Wednesday, September 27, 2017
"There's a comfort level people have with cash," said Brian Bailey, Cardtronics Managing Director for North America. And it cuts across generations. Millennials, for example, while leading proponents of digital wallets, are more likely than others to use cash for person-to-person (P2P) payments than the population at large (67 percent versus 62 percent), the survey showed. When it comes to P2P, "the most digitally forward segment surveyed, millennials, are at the top of the list for cash usage," Baily stated during an interview with The Green Sheet.
The Health of Cash survey, conducted in May and June 2017 by Edelman Intelligence, queried 1,000 U.S. adults about their payment preferences and methods actually used. Here's how actual usage for POS and P2P transactions broke down for the previous six months:
When asked about their preferred method of payment, consumers ranked debit cards first (33 percent of those surveyed) followed by cash (27 percent). Twenty-two percent prefer credit cards, 15 percent favor digital apps, and 3 percent prefer to write checks. Among millennials, though, cash was the top choice (cited by 29 percent), followed by debit cards (26 percent), digital (25 percent), credit cards (17 percent) and checks (3 percent).
Convenience and ease of use are key reasons consumers give for preferring one payment method over others, Bailey noted. Yet when asked which method best delivers these benefits, cash exceeded all other methods on both counts. Thirty-eight percent said cash was most convenient; 44 percent said cash is wins on ease of use.

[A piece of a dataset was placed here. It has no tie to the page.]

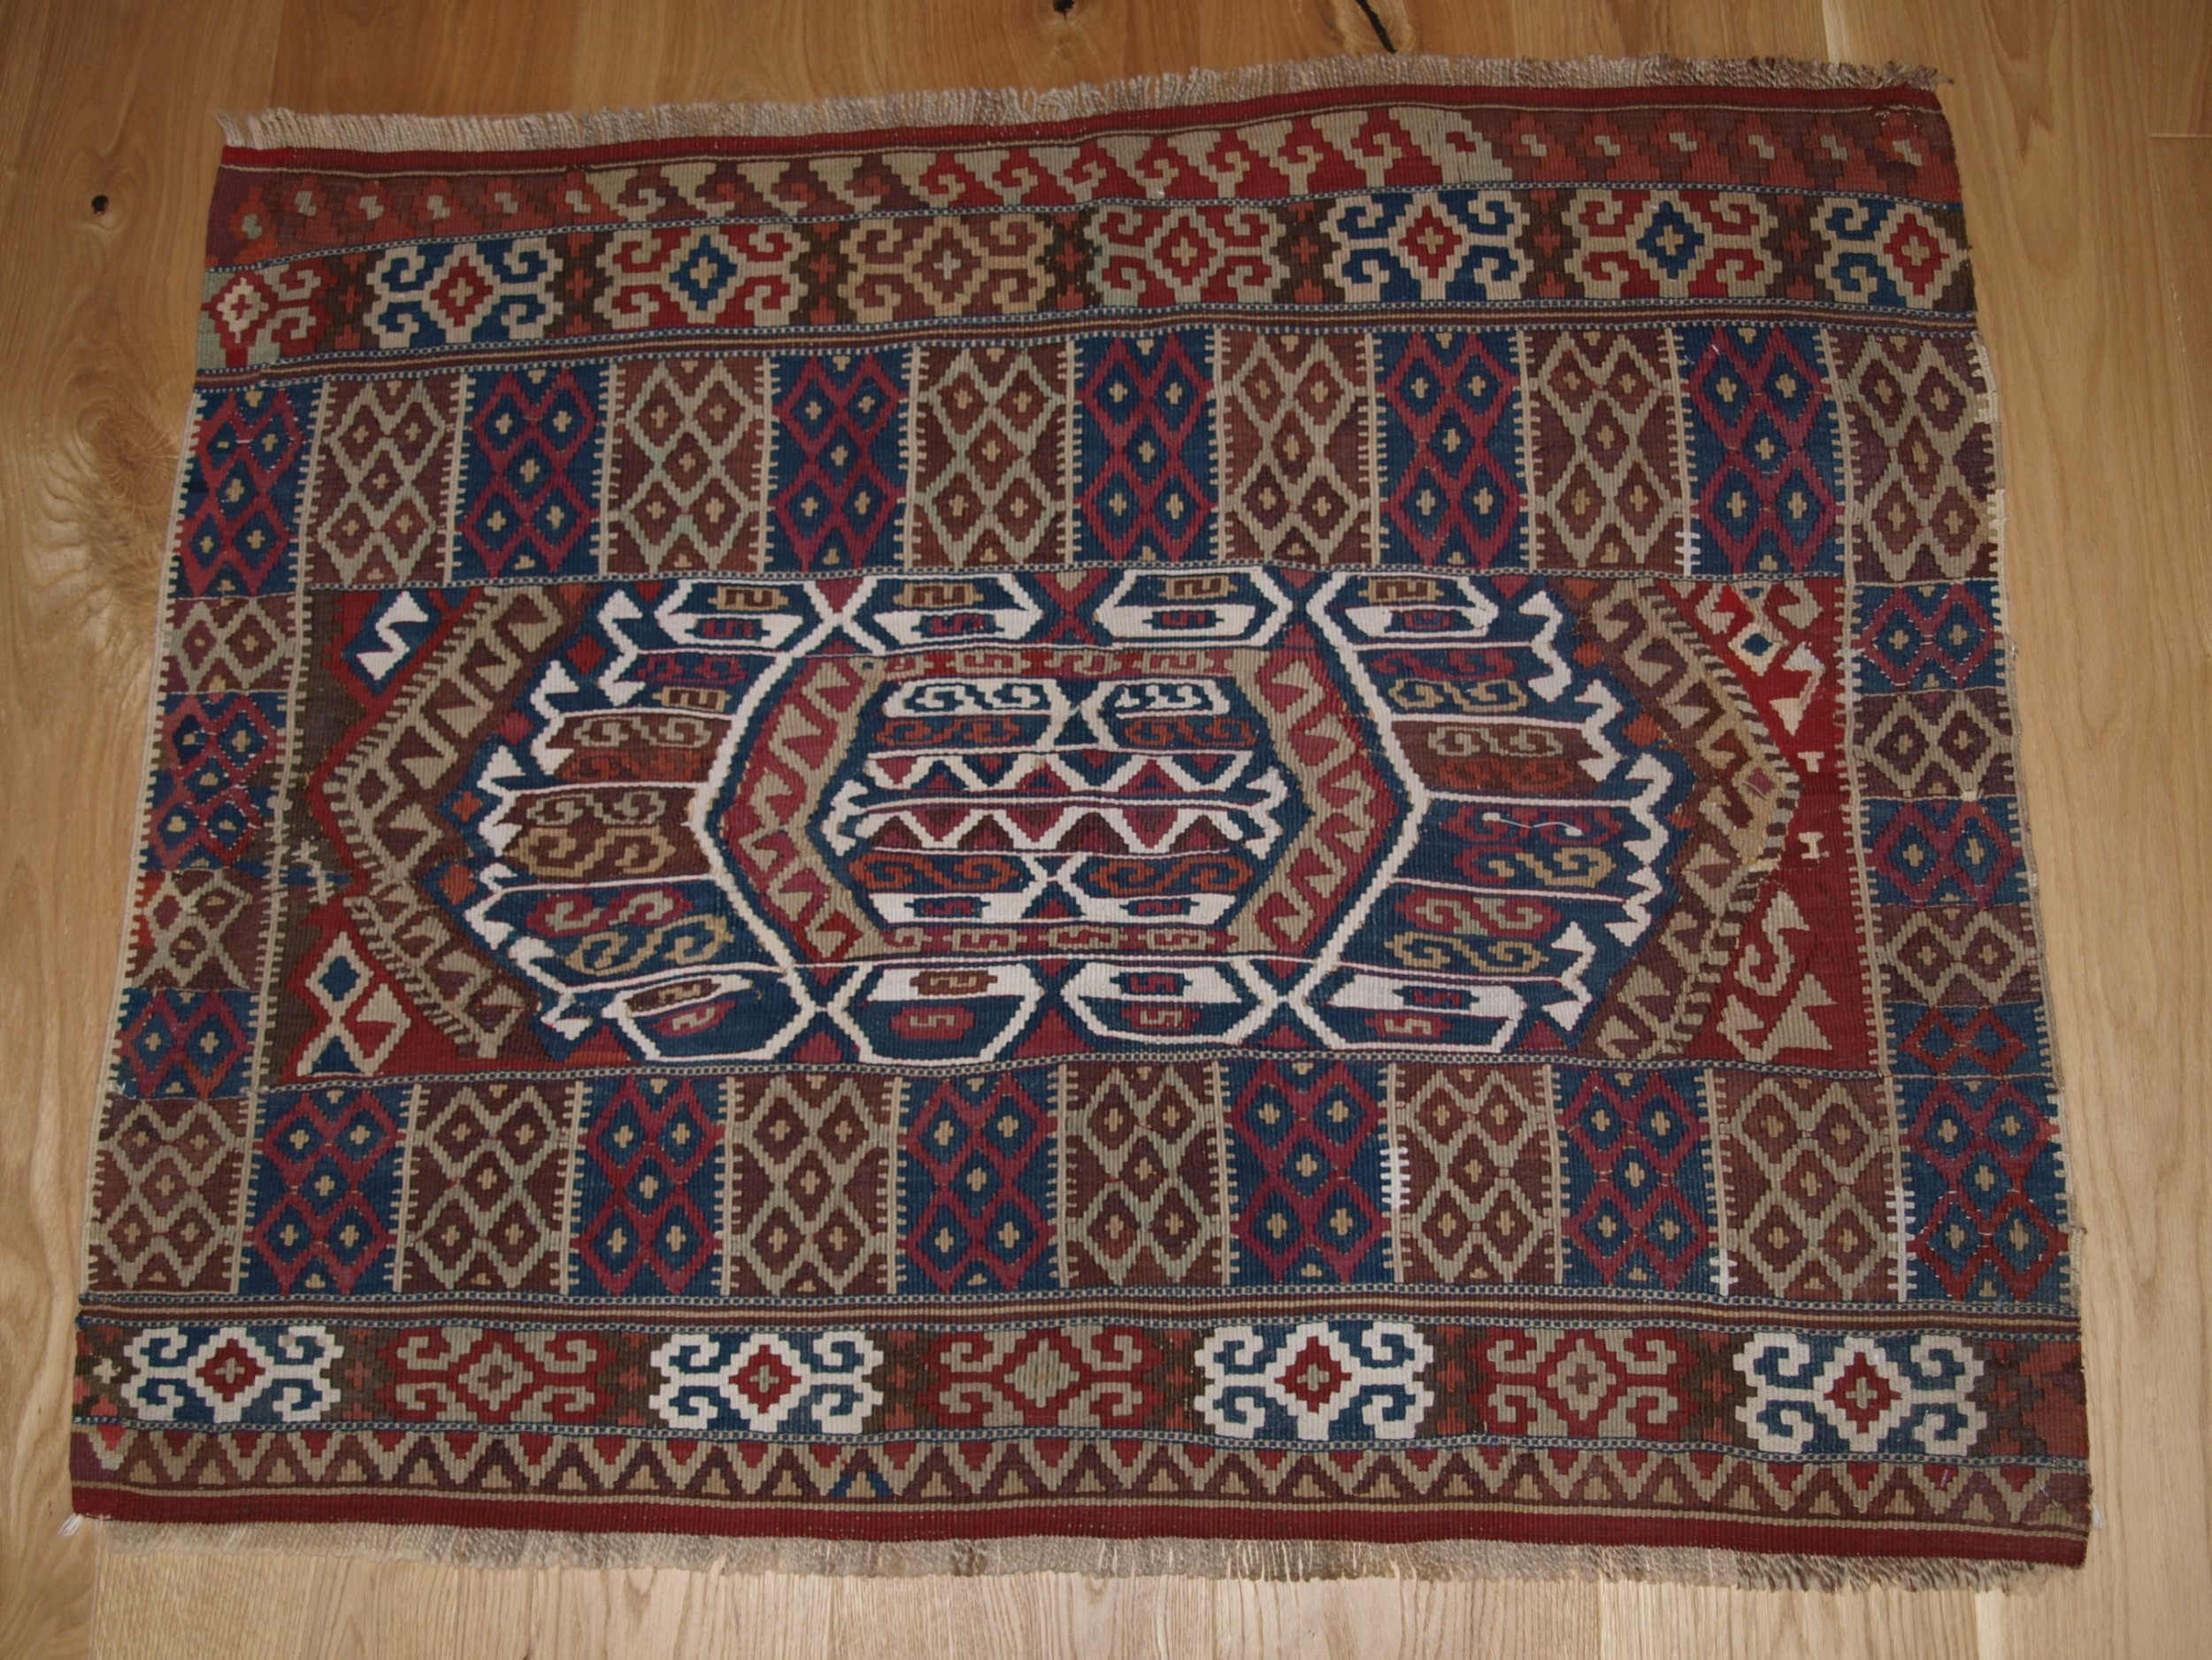 antique turkish malatya kilim bag or chuval face excellent condition circa 1900

Not surprisingly, cash usage has the greatest appeal for P2P payments. In the six months leading up to the survey, 62 of consumers surveyed had used cash for P2P payments; just a third had used nonbank digital apps for P2P payments.
Cash also continues to resonate with consumers for small-dollar purchases. The majority of those surveyed (82 percent) said they prefer to use cash for small-dollar items and opt for electronic payment options for more expensive items. Sixty-eight percent said they use cash for purchase amounts under $10; 55 percent use cash when making purchases under $20.

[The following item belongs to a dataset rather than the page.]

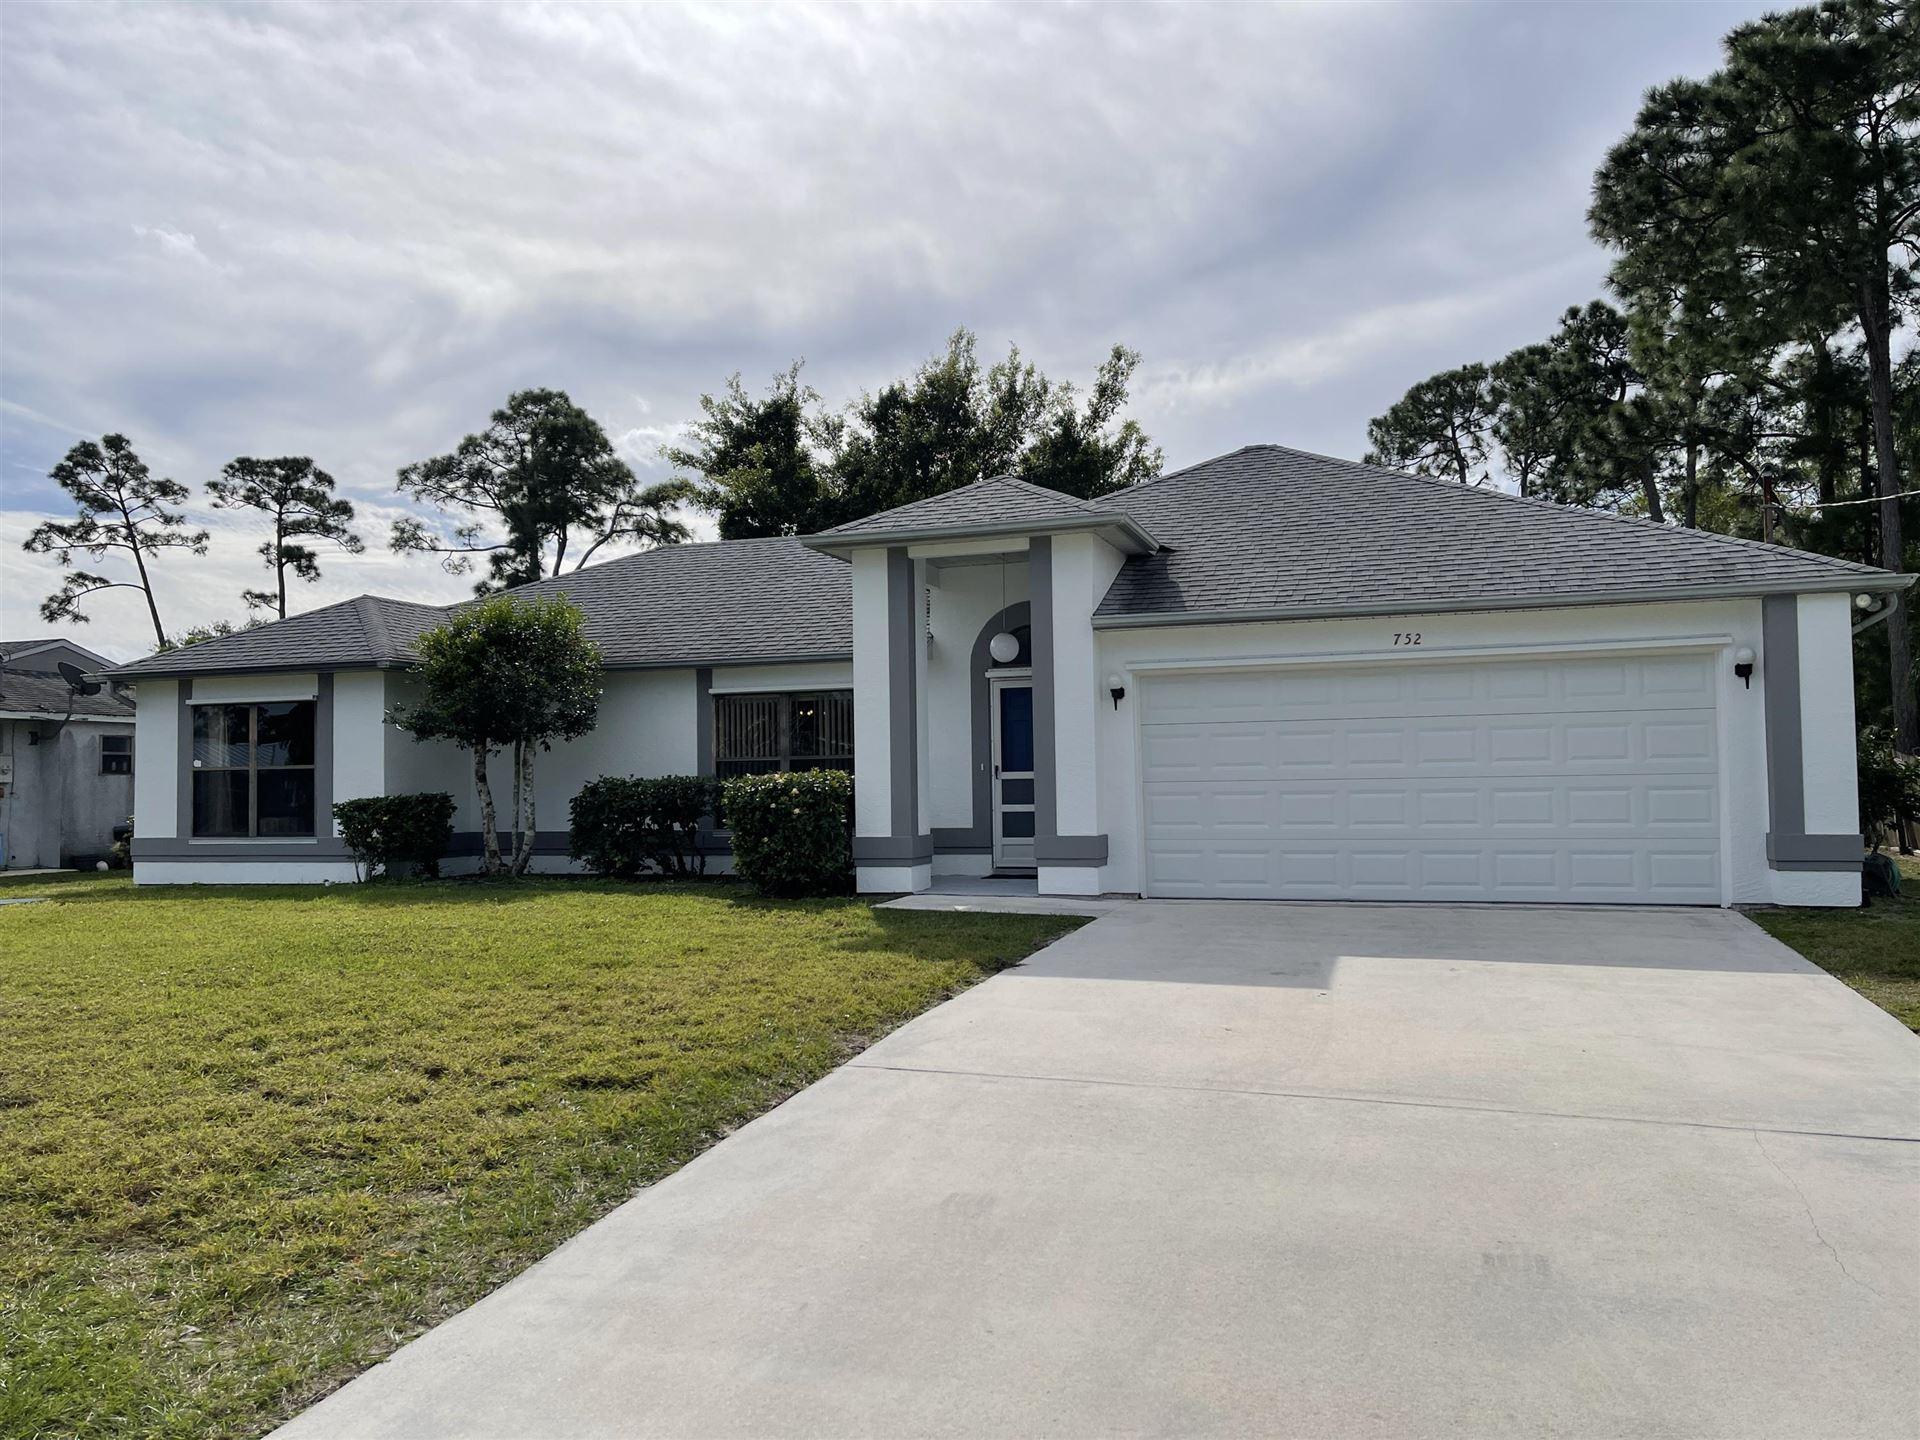 752 SE Sweetbay Avenue, Port Saint Lucie, FL 34983 - #: RX-10682926

"The notion that consumers want to be limited to cashless payments or that digital payments are overtaking cash is not consistent with consumer behavior," Bailey said in a press release. "The 2017 Health of Cash Study proves that consumers like and demand choice when they pay – with 90 percent using at least two payment methods a month and 66 percent using three – making a cashless society contrary to the will of the people."